Anglogold contributed six per cent of gold exports in 2013, Newmont had 13 per cent and Goldfields Tarkwa accounted for 15 per cent, equalling 34 per cent, same as what the small-scale miners contributed.

Although they are making significant contributions in the mining sector, small-scale miners do not pay any royalties to the government like the multinationals do.

The 2012 and 2013 report of the Ghana Extractive Industries’ Transparency Initiative (GHEITI) has therefore called for the need for government to introduce measures to help it rake revenues from small-scale mineral or gold producers.

It said the emergence of the contribution of small-scale and artisanal mining sector in Ghana required a new policy direction with regard to recognition, co-ordination with resultant state benefits.

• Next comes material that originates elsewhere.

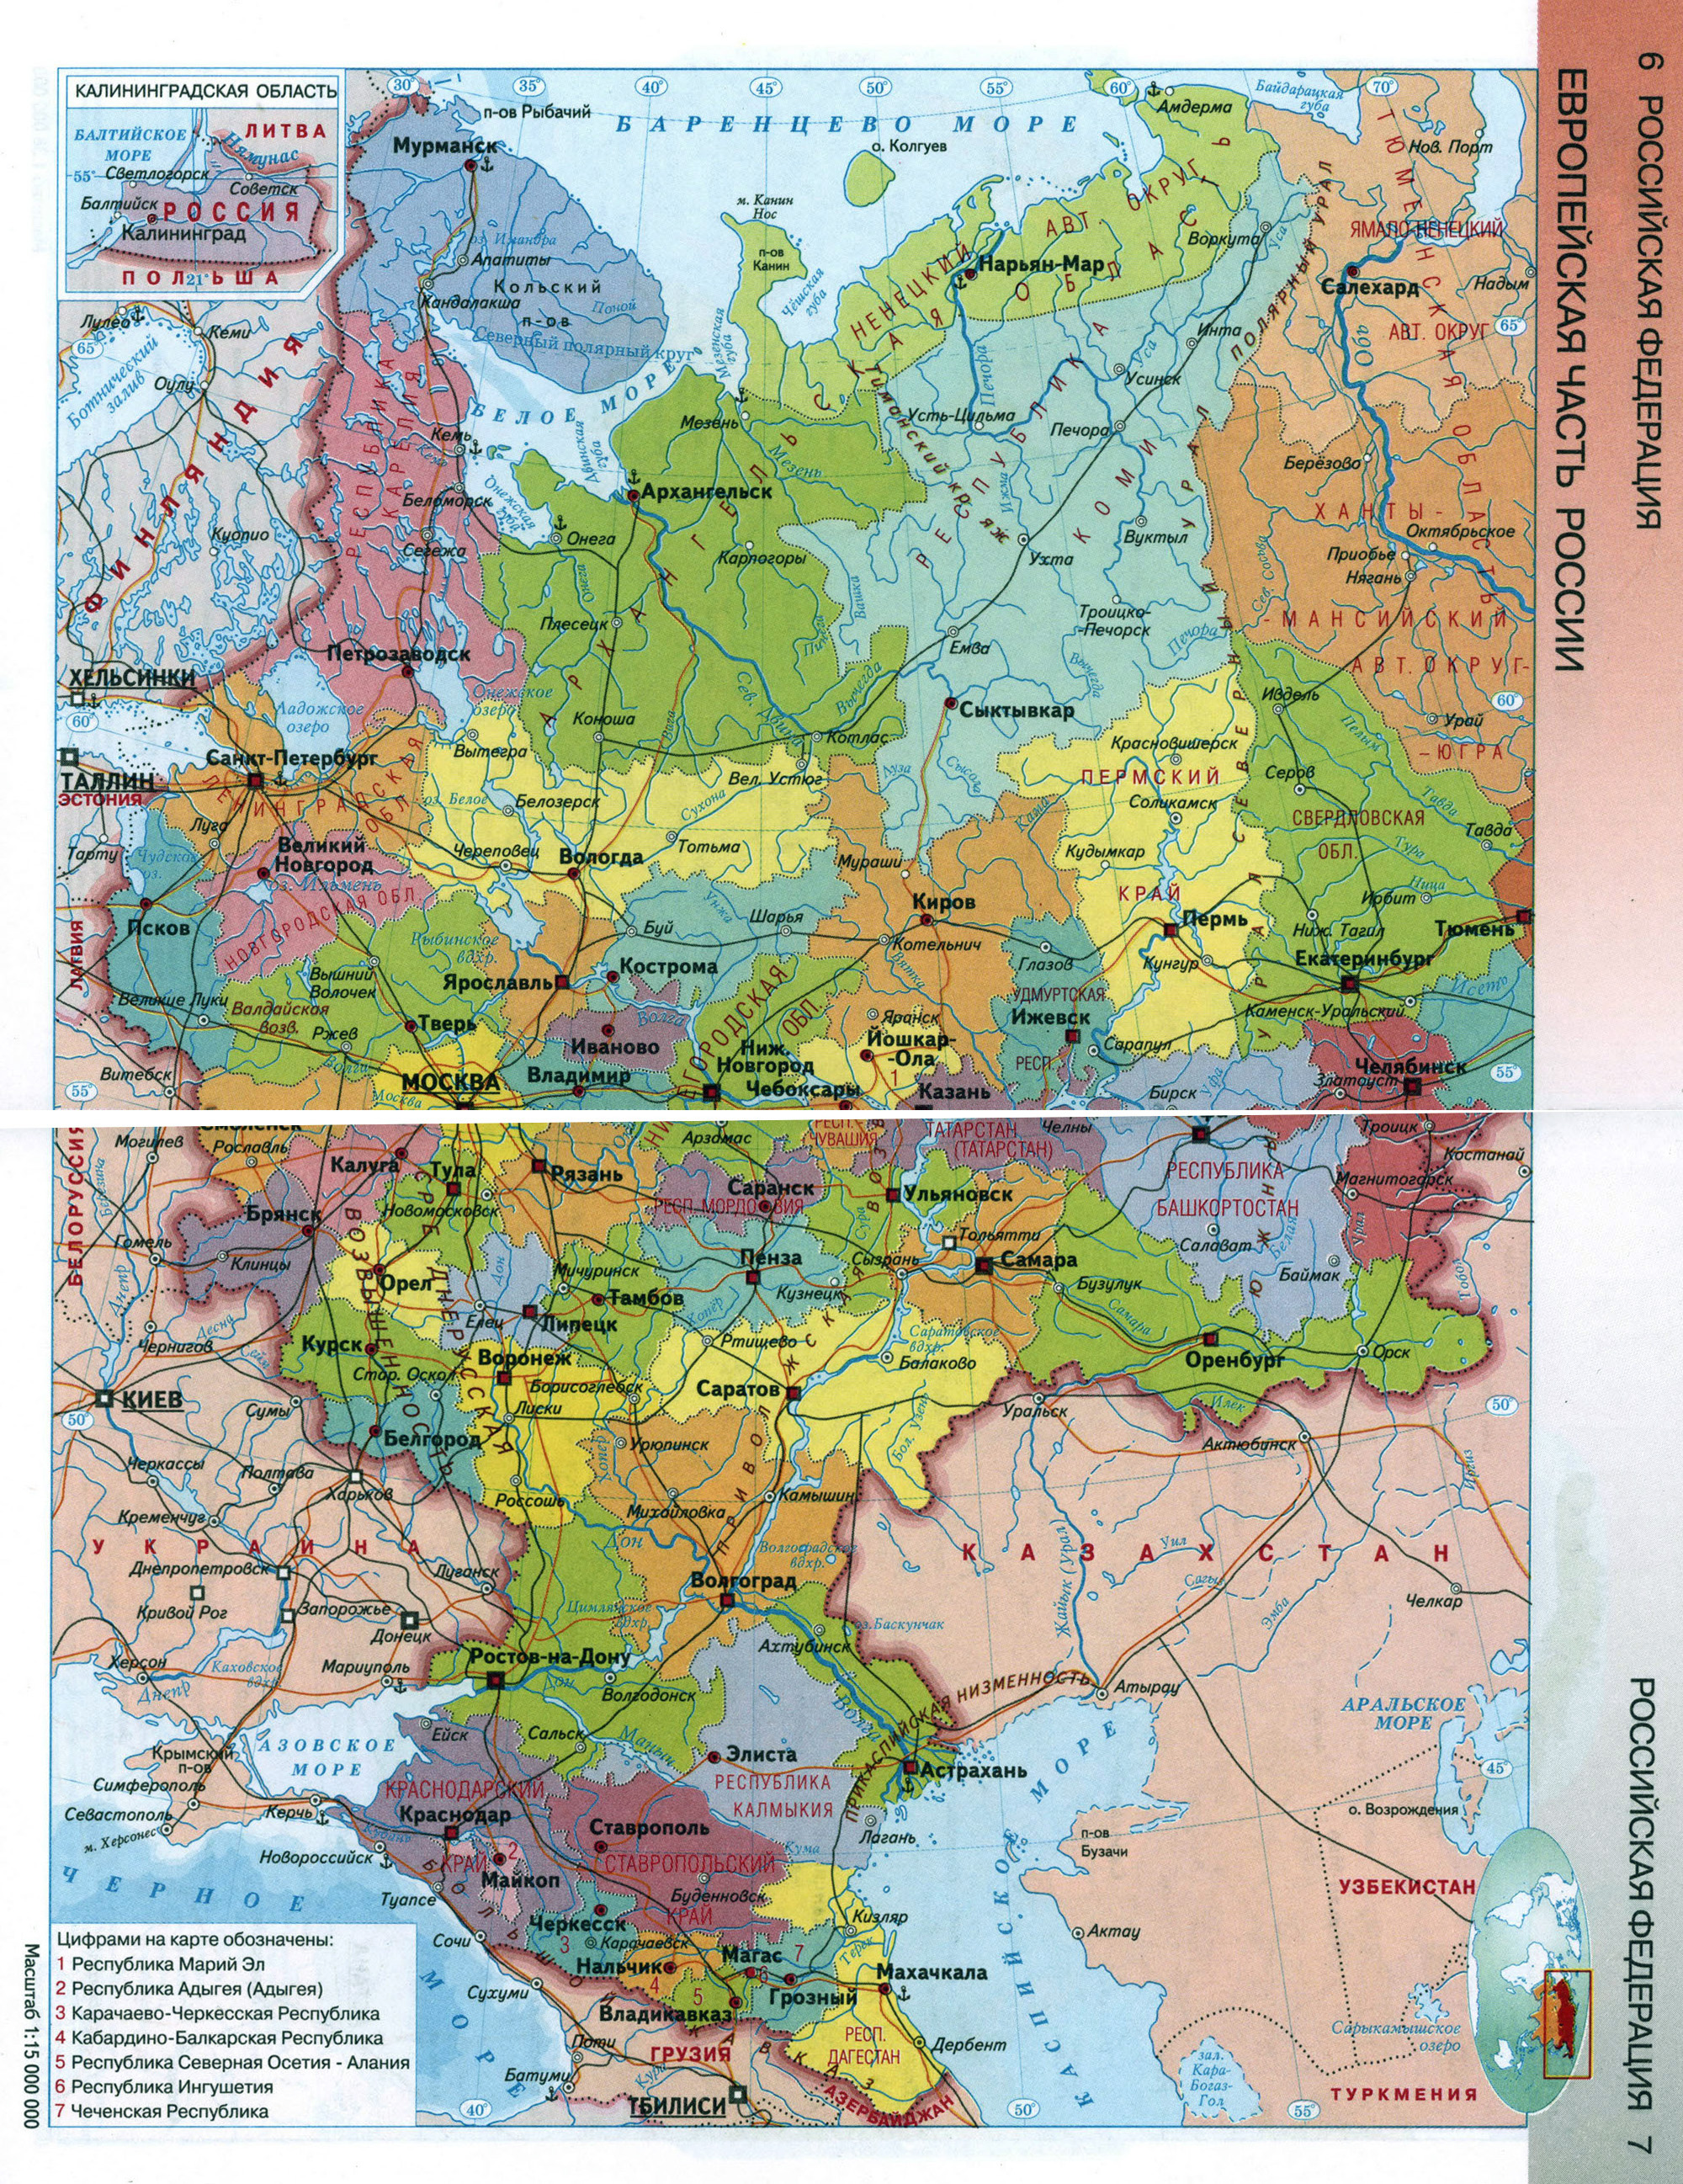 Большая детальная карта Европейской части Российской Федерации на русскомязыке

“The rate of extraction of gold by the small-scale and artisanal miners means the state is at loss without any commensuration in revenue. Since most small-scale and artisanal miners are undocumented and with poor accounting practices, royalty payment may be instituted at the point of export,” the report further revealed at an oil and gas training programme at Elmina.

The campaign coordinator of Integrated Social Development Centre (ISODEC), Dr Steve Manteaw, said for the state to benefit from activities of these unlicensed small-scale miners, it must provide incentives for them, especially ‘galamsey’ operators for them to be motivated to formalize their operations.

He said currently, some of the small-scale miners export their gold through the Licensed Buying Companies (LBCs) and that the ‘galamsey’ operators were more than the licensed ones.

“Some export through Precious Minerals Marketing Company Limited (PMMC), others through licensed buying agencies. If you put the ‘galamsey’ and licensed ones together and you say you are going to tax them, if you don’t take care there will be a problem. The ‘galamsey’ people will find people who will buy it and they will smuggle the gold without authorities even noticing it,” he explained at an oil and gas reporting workshop by the Institute of Financial and Economic Journalist (IFEJ) in Elmina.

In the 2015 budget statement of government, it said the minerals commission would review the country’s mining and environmental guidelines, and intensify monitoring to illegal small-scale mining sites to educate miners with the aim of mainstreaming their activities and facilitating the formation of more district mining committees.